- _DATASET SECTION_:
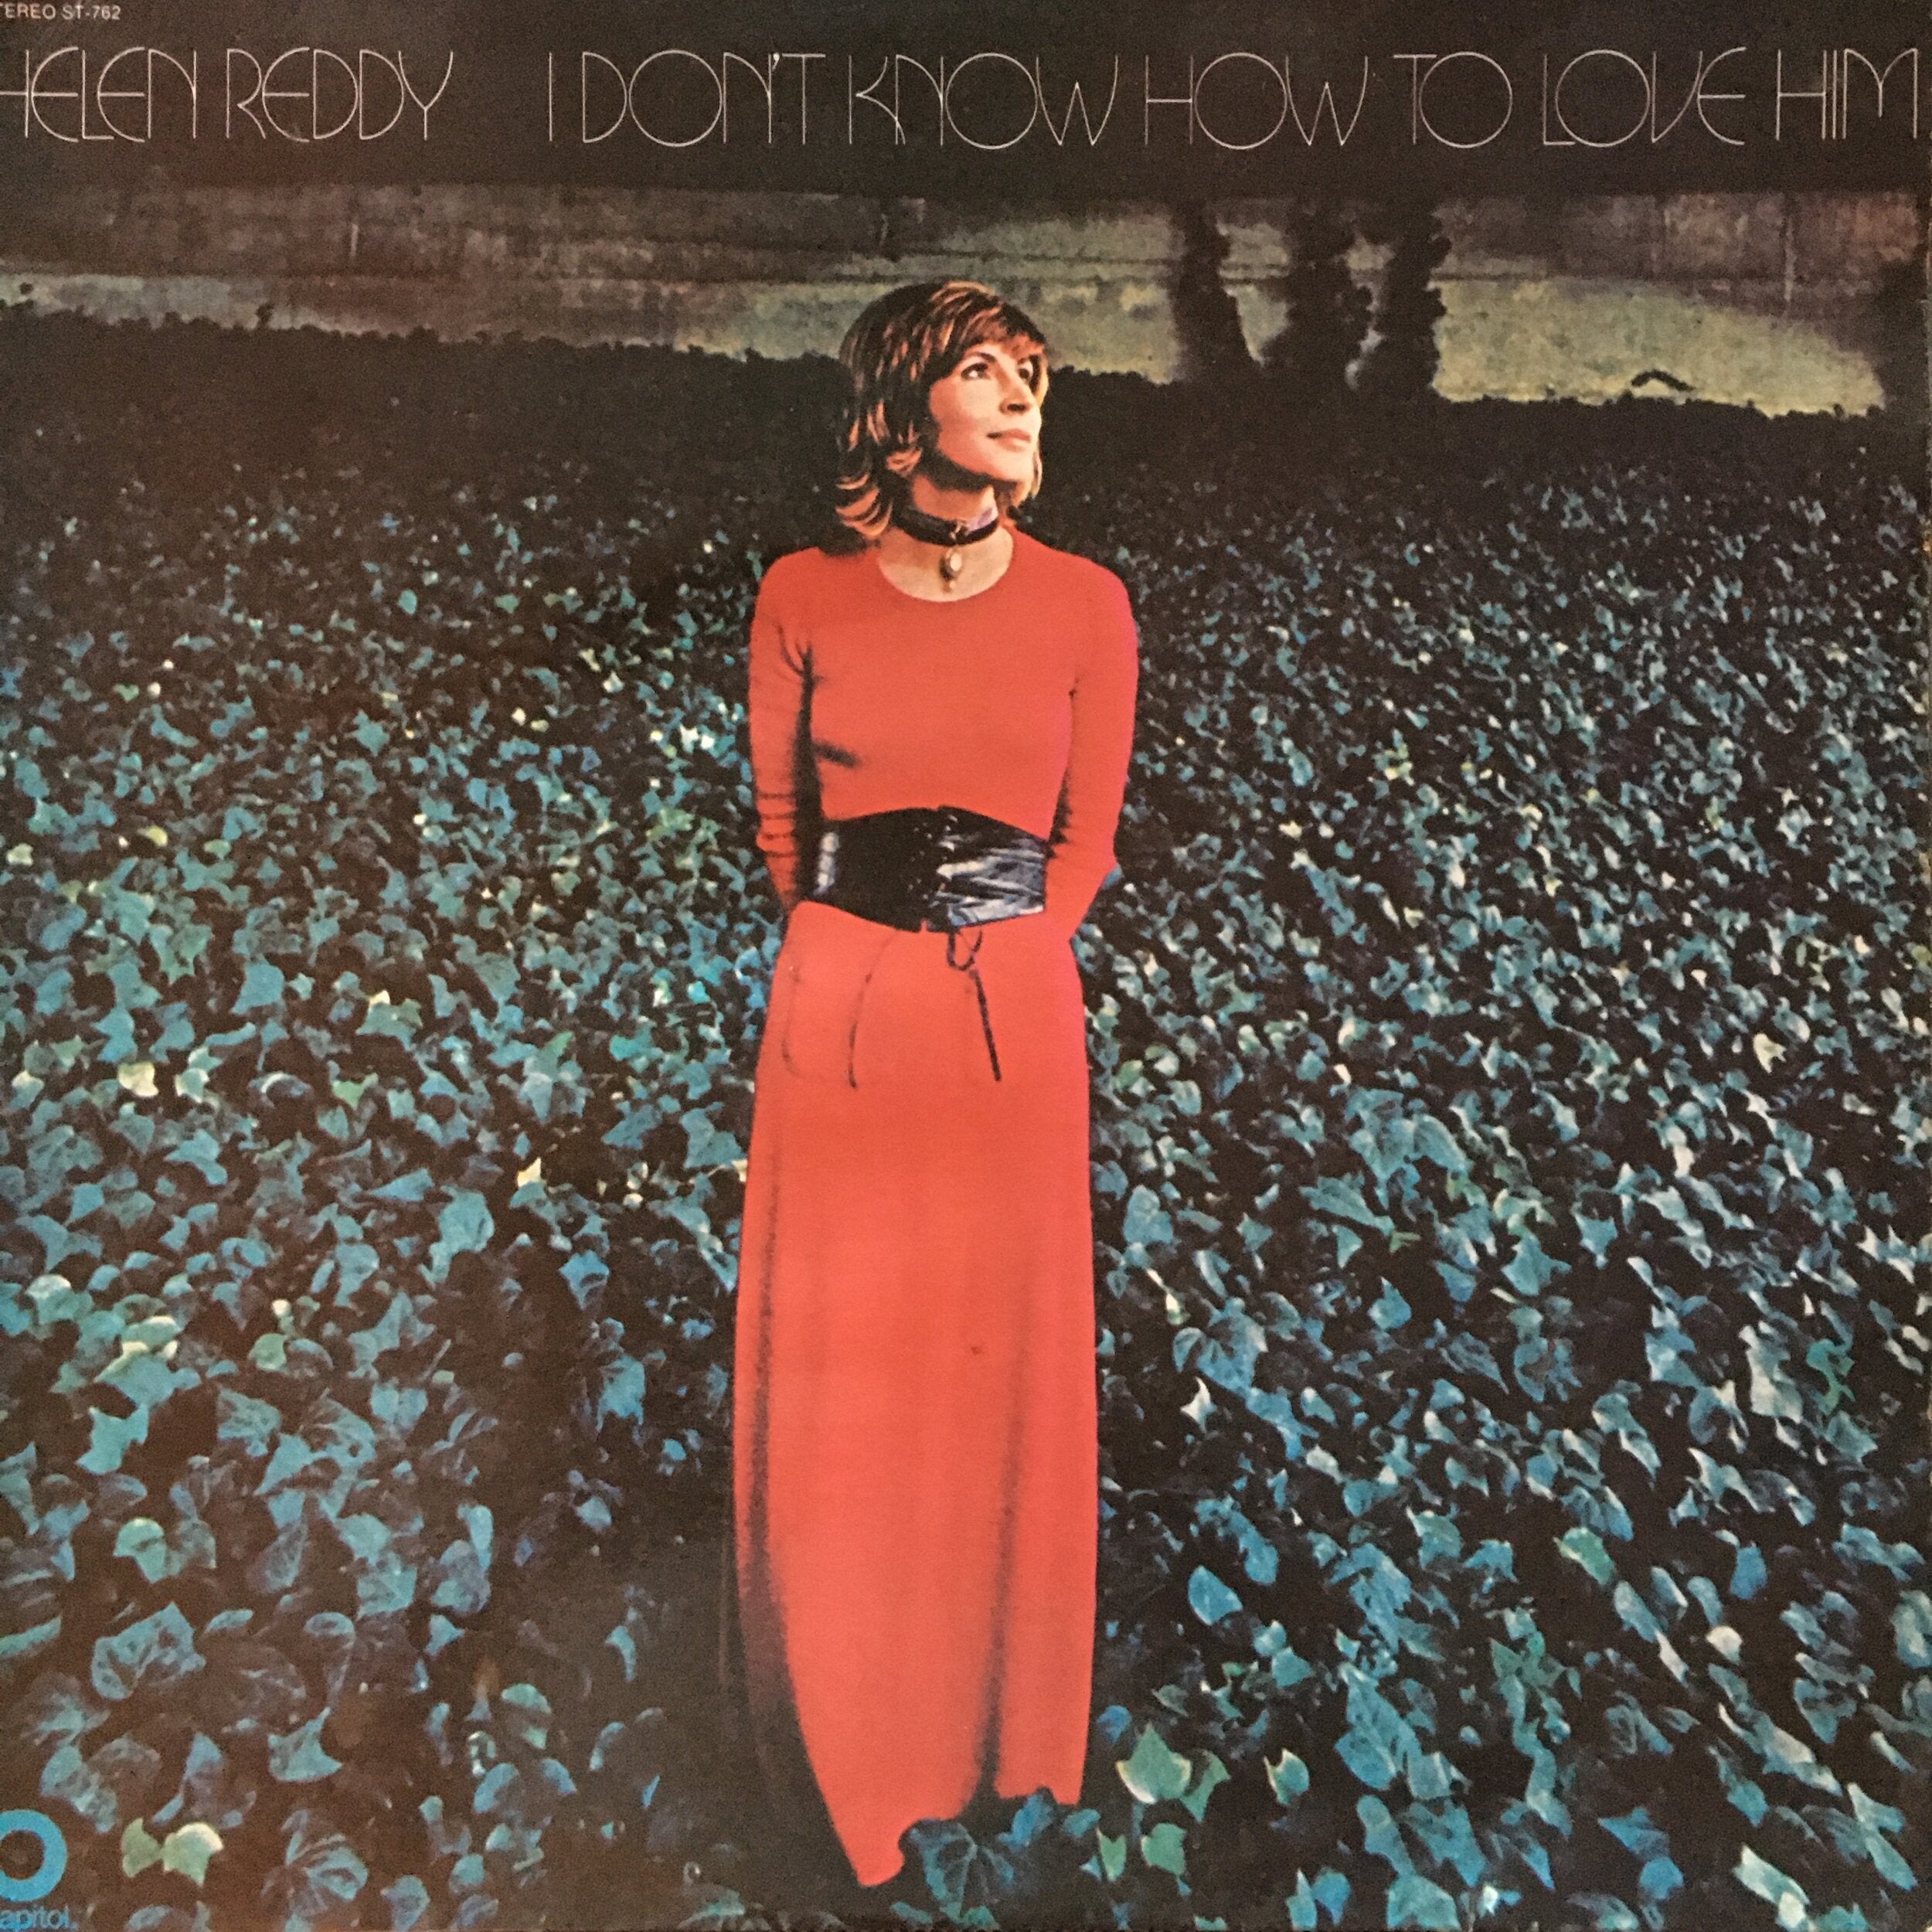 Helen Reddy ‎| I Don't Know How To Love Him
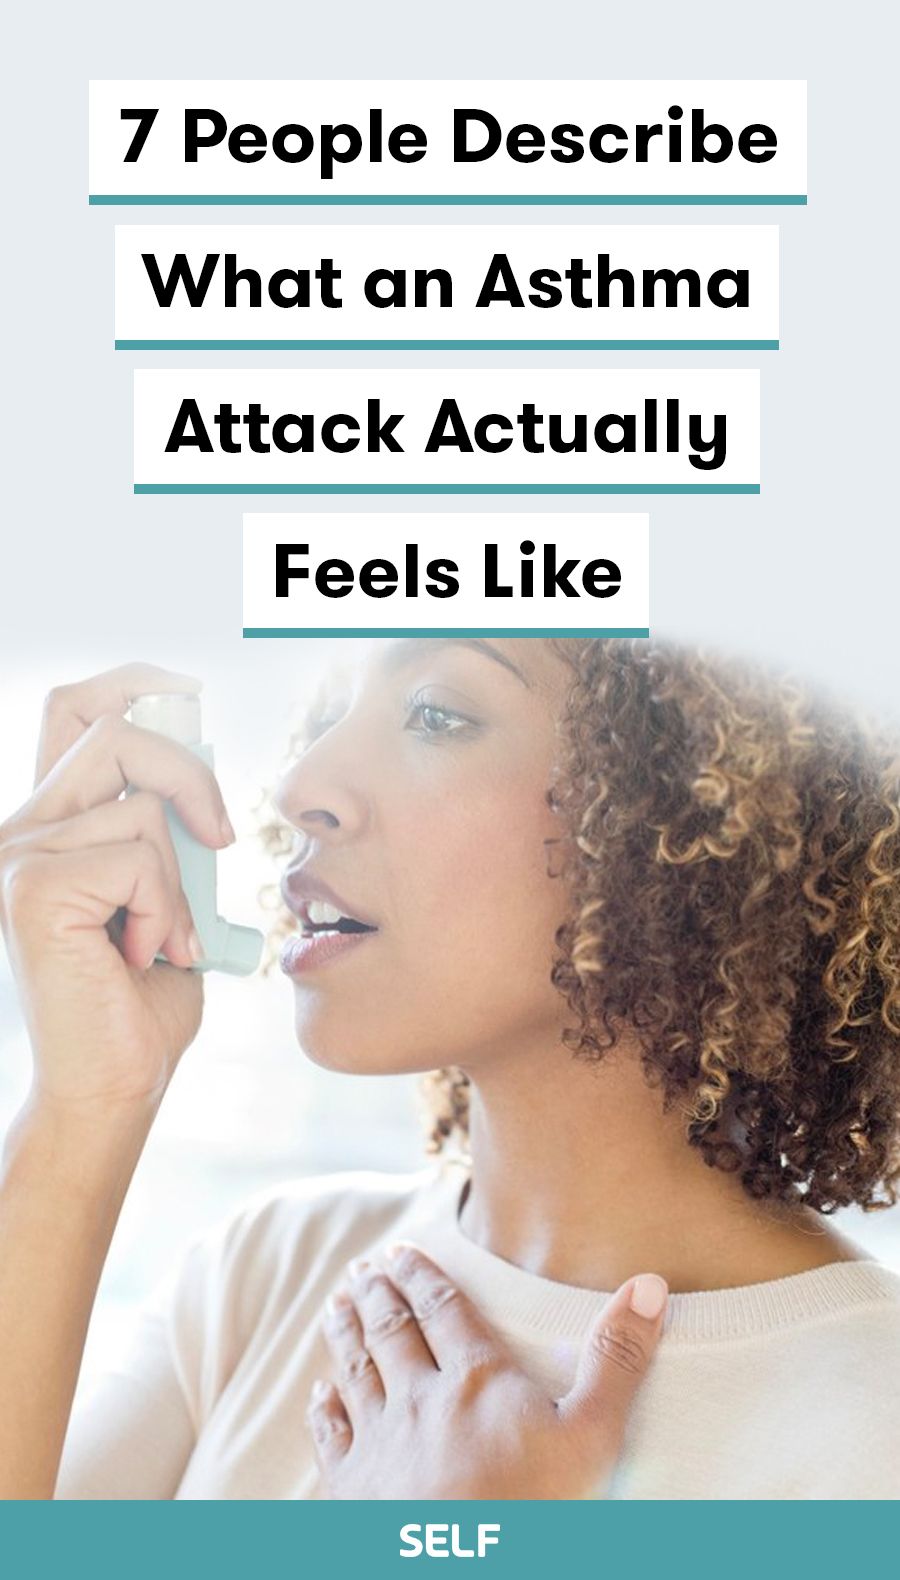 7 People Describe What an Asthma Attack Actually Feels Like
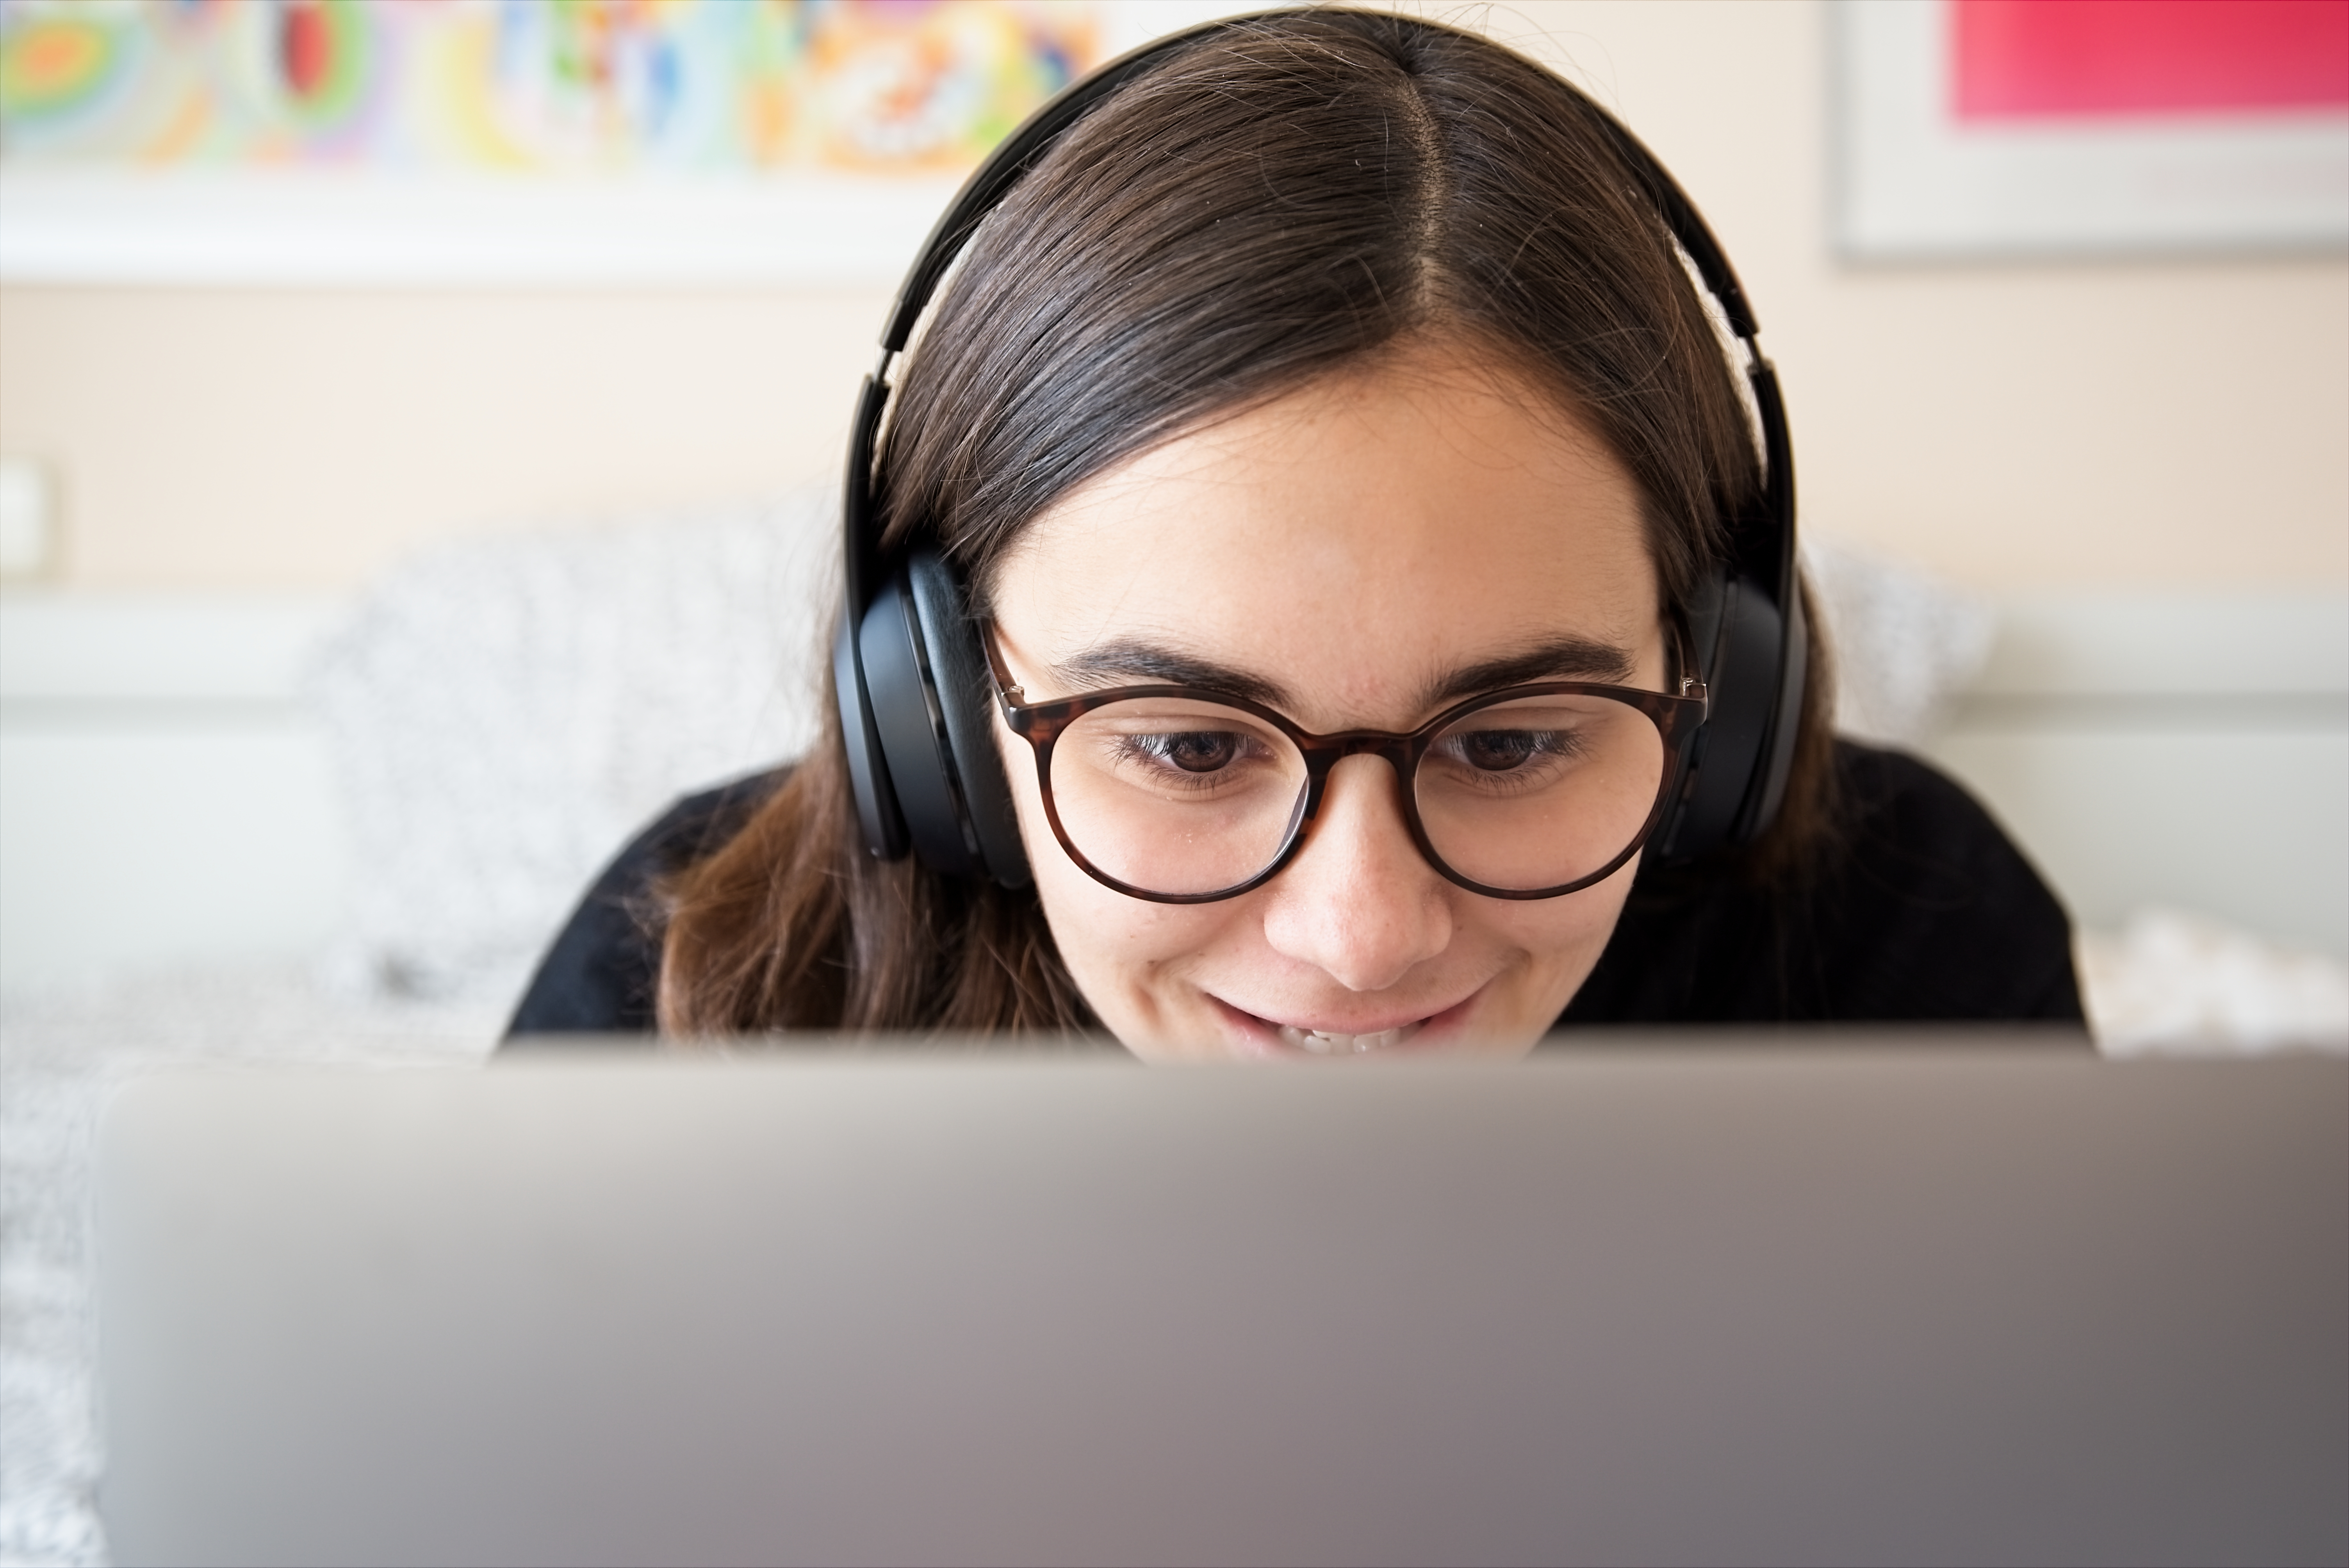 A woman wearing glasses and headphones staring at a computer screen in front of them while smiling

- _TASK_: The material above must be set down word for word, with no picture carried over.

- _RESPONSE_:
 Helen Reddy ‎| I Don't Know How To Love Him
 7 People Describe What an Asthma Attack Actually Feels Like
 A woman wearing glasses and headphones staring at a computer screen in front of them while smiling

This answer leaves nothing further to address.